But hey, don't we have package managers to solve this problem for us by keeping track of the right variant? Well, in part. Of course, modern package managers such as Spack enable developers to define various development environments with exactly chosen and combined variants of software. This approach is helpful for correct results. Yet, if one needs to use multiple (compile-time) features of a software, this results in a combinatorial explosion of artifacts for development environments and deployments.

On top of that, many popular package managers in use by developers and users are not as powerful as Spack. Most do not support binary variants at all — and are adding them as afterthoughts via package naming extensions, again resulting in combinatorial installs and requiring complex conflict resolutions.

Indeed, independent of whether a package manager supports binary variants well, it is tremendously helpful if a package manager with great dependency resolution can just switch ON all options that are potentially useful for a system at the same time. With that capability, there are fewer modules to build, no environment switching is needed for development, and binary caches can be smaller.


Some of the WarpX compile-time options exposed in the Spack package manager.

Hands-on examples

C/C++

The following design patterns can be used for C/C++ code.

Header: Selected opt-in variants should add extra header files that expose additional classes and API calls and expose functionality such as MPI-enabled signatures. This means at least one public "facade" header is needed per configuration option, to avoid "polluting" base functionality with third-party includes.

  • Examples:
    • pybind11/numpy.h
    • an additional public API header with separate classes and functions for MPI-related functionality

Configuration: An extra configuration header file should be used that provides defines for enabled and disabled opt-in functionality. Likewise, a mirrored runtime API should be available to query these options. This approach avoids propagating options solely through build systems, making downstream consumers agnostic of them, and avoids the need to clutter command lines with defines.

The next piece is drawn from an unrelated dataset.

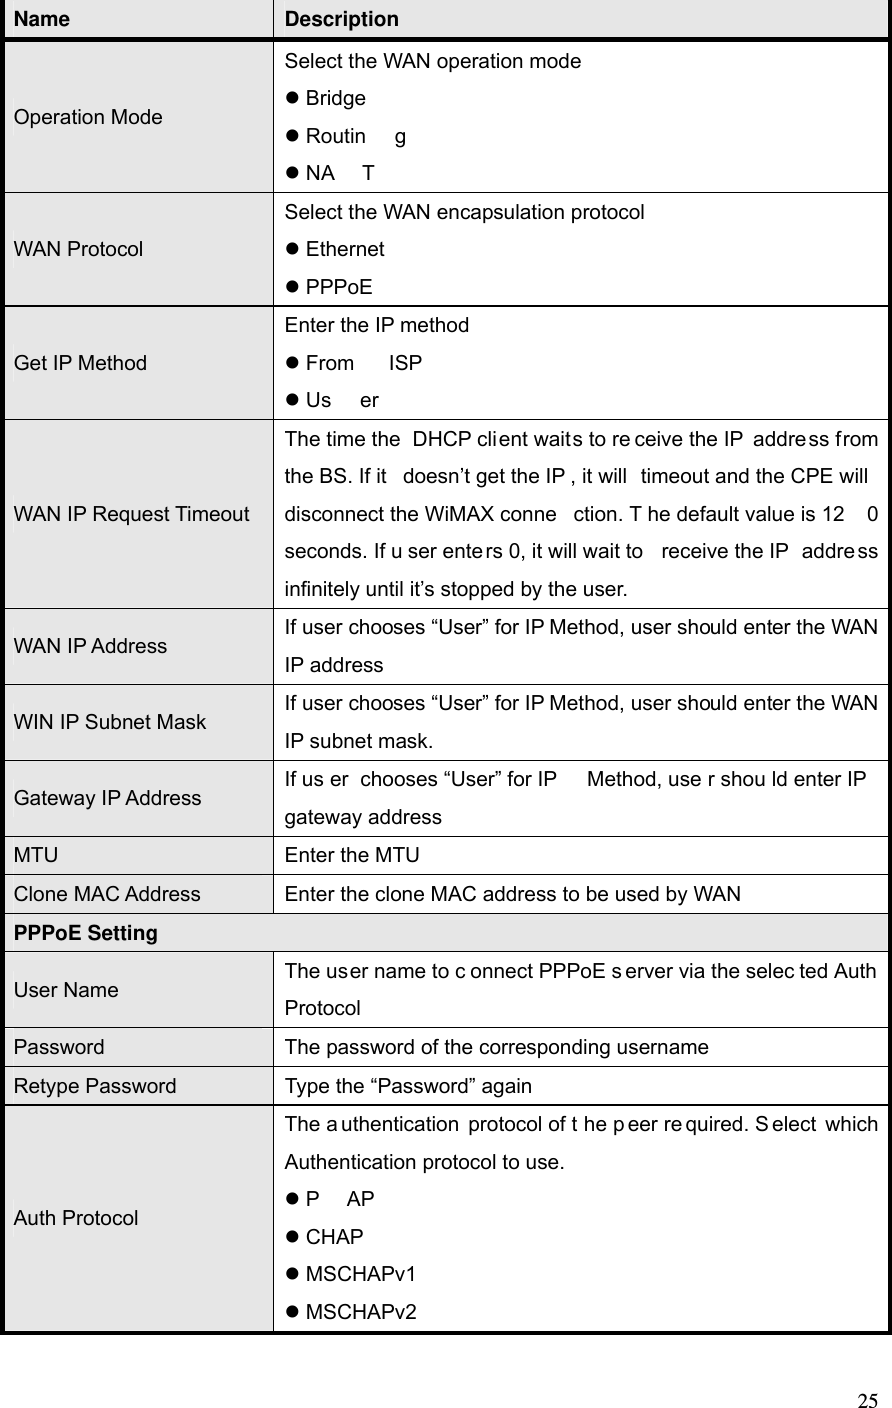  25 Name  Description Operation Mode Select the WAN operation mode  Bridge  Routin g  NA T WAN Protocol Select the WAN encapsulation protocol  Ethernet  PPPoE Get IP Method Enter the IP method  From ISP  Us er WAN IP Request Timeout The time the  DHCP client waits to re ceive the IP  address from the BS. If it  doesn’t get the IP , it will  timeout and the CPE will  disconnect the WiMAX conne ction. T he default value is 12 0 seconds. If u ser ente rs 0, it will wait to  receive the IP  addre ss infinitely until it’s stopped by the user. WAN IP Address  If user chooses “User” for IP Method, user should enter the WAN IP address WIN IP Subnet Mask  If user chooses “User” for IP Method, user should enter the WAN IP subnet mask. Gateway IP Address  If us er chooses “User” for IP  Method, use r shou ld enter IP  gateway address MTU  Enter the MTU Clone MAC Address  Enter the clone MAC address to be used by WAN PPPoE Setting User Name  The user name to c onnect PPPoE s erver via the selec ted Auth Protocol Password  The password of the corresponding username Retype Password  Type the “Password” again Auth Protocol The a uthentication protocol of t he p eer re quired. S elect which Authentication protocol to use.  P AP  CHAP  MSCHAPv1  MSCHAPv2

CMake: For multiple variants, one should allow lists instead of either-or selections.

  • Don't:

    set(App_Backend "OpenMP" CACHE STRING
        "On-node, accelerated computing backend")
    
    set(App_Backend_Values "omp;cuda;hip;sycl;none" CACHE INTERNAL
        "List of possible values for the Language cache variable")
    
    set_property(CACHE App_Backend PROPERTY STRINGS ${App_Backend_Values})
    
  • Do:

    set(App_Backend "OpenMP;CUDA" CACHE STRING
        "On-node, accelerated computing backend")
    
    foreach(backend IN LISTS App_Backend)
        # ...
    endforeach()
    

Python and Fortran

The following design patterns can be used for Python and Fortran code.

Modules: Providing extra (sub)modules that expose functionality that expects or creates a certain runtime context, e.g., MPI-parallelism

Properties: Adding properties to the base module to allow querying which opt-in functions are available at runtime

Modifications of ECP WarpX

Over the past two years, we redesigned most binary options of the Exascale Computing Project application WarpX based on these experiences and insights. We changed binary options that control additional field-solvers that require FFTs and linear algebra to provide additional runtime options when enabled, and without changing application behavior if compiled and not used.

More complicated are changes in simulation geometry. Ideally, WarpX developers would like to offer users a single deployment that provides 1D, 2D, 3D and quasi-cylindrical (RZ) geometry at the same time. In AMReX, this is a compile-time option.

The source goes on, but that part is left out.